Teachers in this study had little experience designing curriculum in the past, and there was some disconnect between what the grant developers aimed for and what the school district actually supported. There was also a mismatch as ISI and inquiry strategies in science were not a part of prescribed local, state, and national assessments in this study. Some teachers did not change their practices because some important contextual factors were not in place. As a result, although there was a professed agreement to learn and change practice, there was little evidence of enactment in the teachers in whom no growth was present.

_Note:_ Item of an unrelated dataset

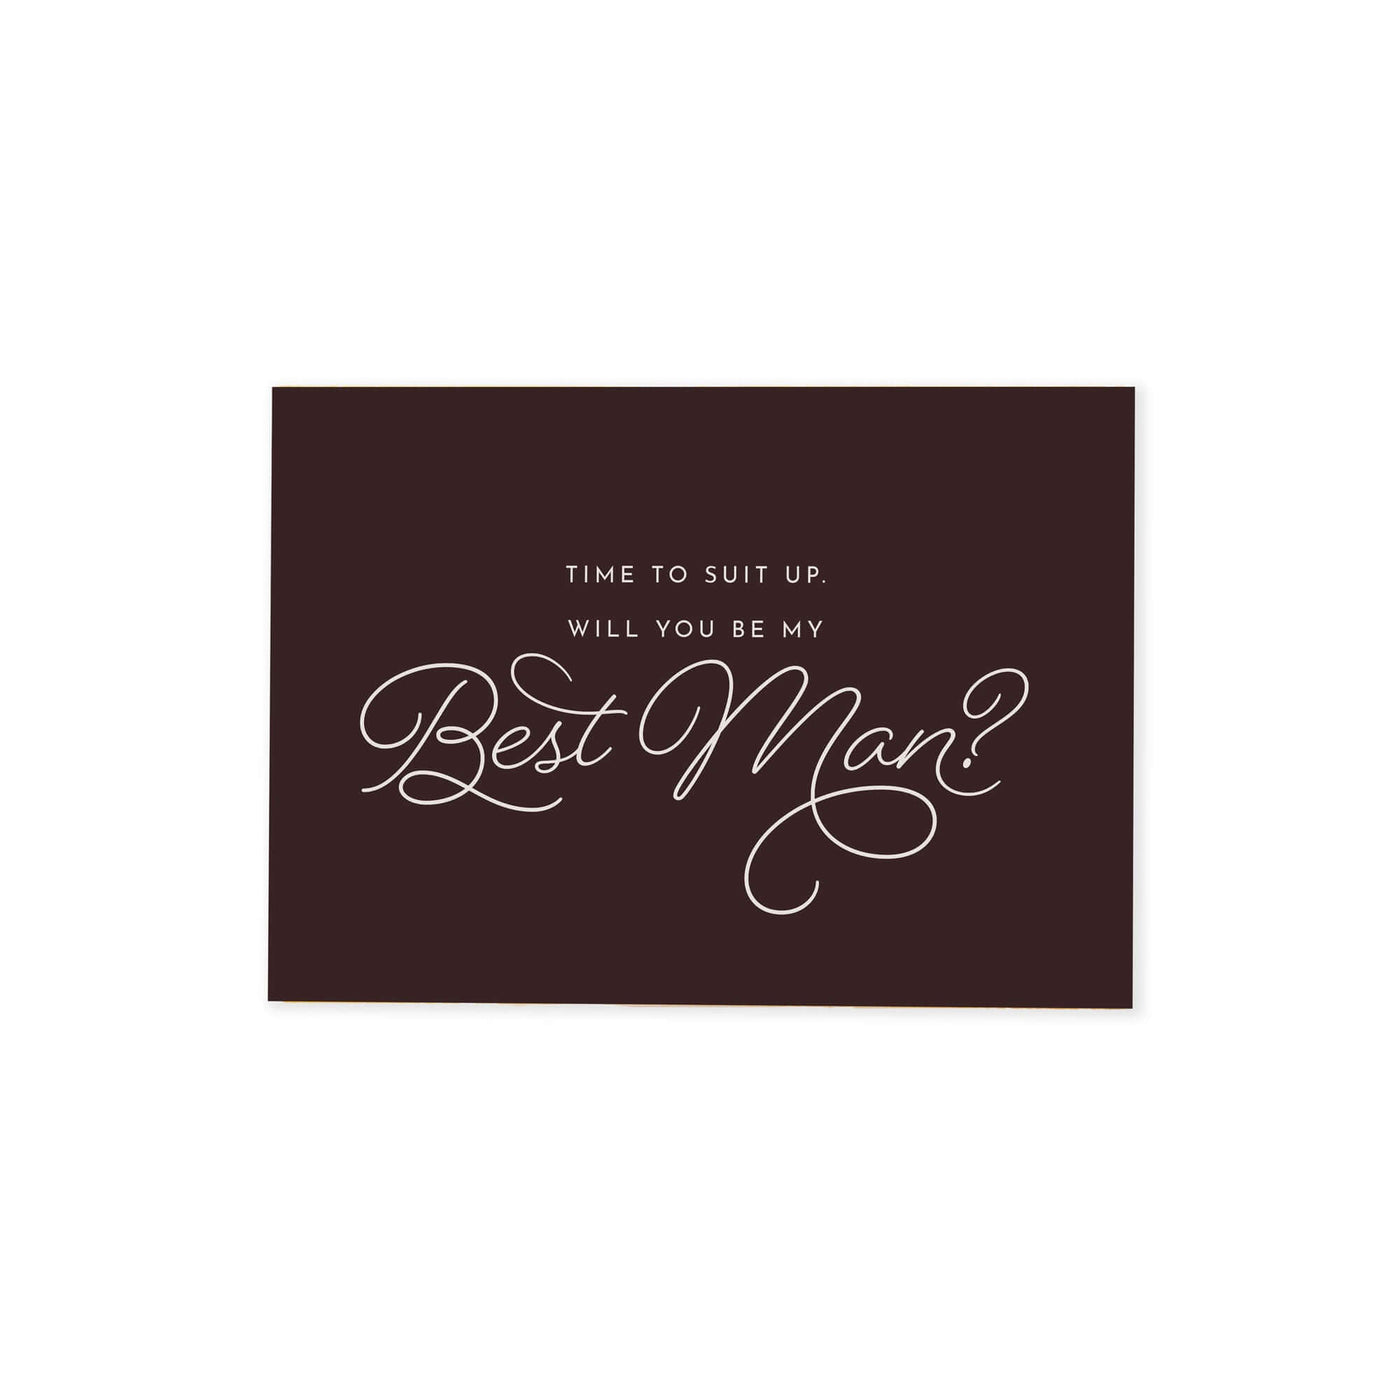 dark brown Be my best man proposal card that reads "Time to suit up. Will you be my best man?" in white cursive font
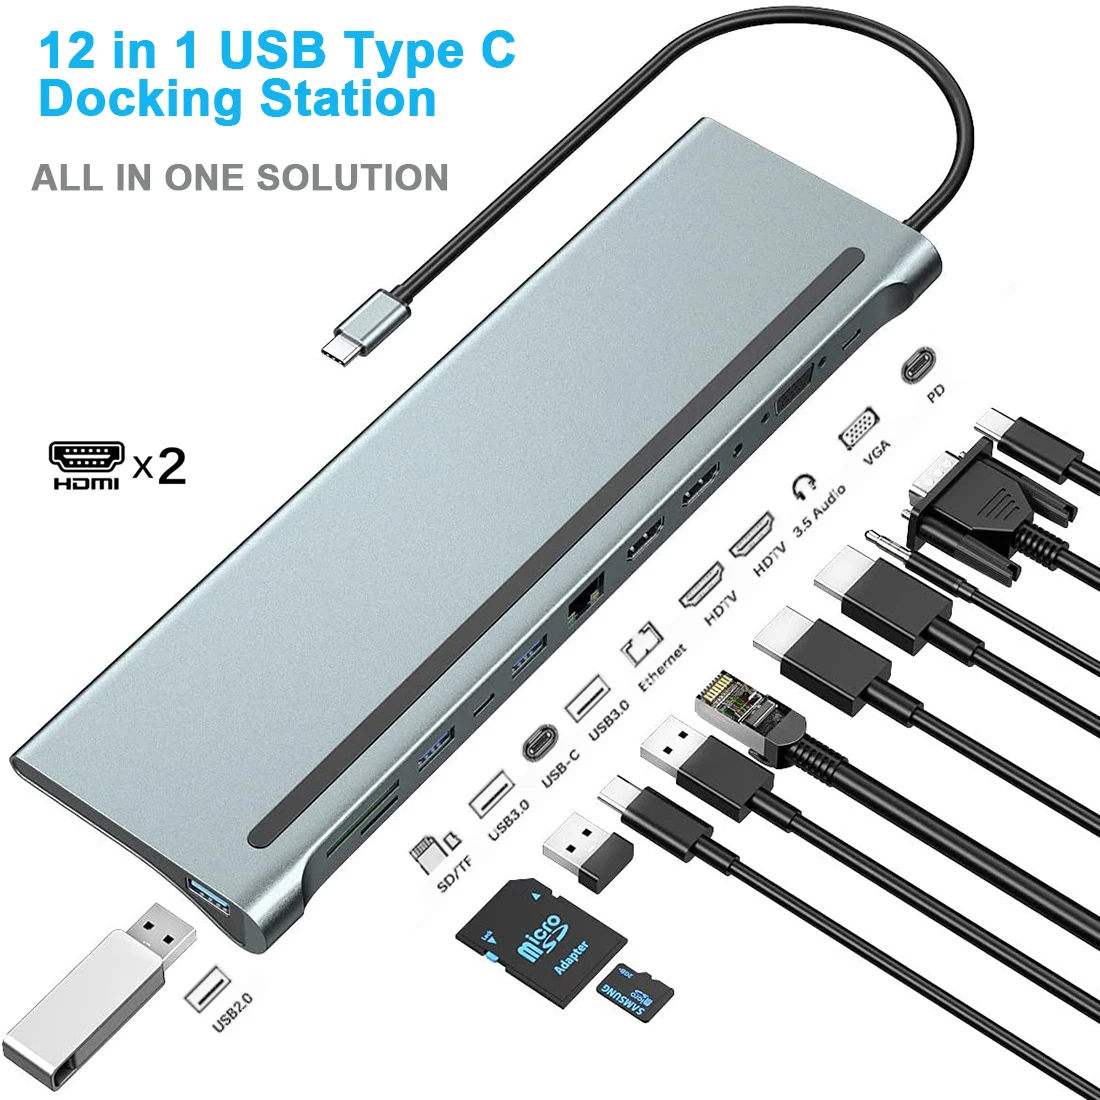 

12 in 1 USB Type C Hub Adapter Laptop Docking Station,MST Dual Monitor Dual HDMI VGA RJ45 SD TF PD for MacBook Dell Hp ThinkPad

Our teachers may also have benefitted in an ongoing relationship between the experts and the classroom teacher throughout the year with support from the experts rather than only in the summer. Urban contexts also have a myriad of issues and challenges related to teaching and learning and factors must be taken into consideration.

Factors such as teacher beliefs about science, pedagogy, and learning must also be addressed to help shift the fundamental ideologies of teachers. Although teachers developed in both science content and ISI processes, teachers’ PCK may not have developed (Friedrichsen, Driel, & Abell, 2011). Smith and Neale (1989) conclude that unless teachers have acquired a “deeply principled conceptual change in content knowledge, the development of PCK is unlikely to occur (p. 17).”

This research is worthwhile to help us answer the questions such as what measures are necessary to help teachers develop ISI knowledge and successfully implement that understanding within their educational contexts. Knowing that there are many challenges in PD aimed at teachers conducting science inquiry, it is imperative and critical for teachers to increase their understanding and practice in ISI methods that integrate STEM subjects. This can help teachers attain the goal of better educated and prepared citizens who are ready for a global understanding of the nature of scientific problem solving.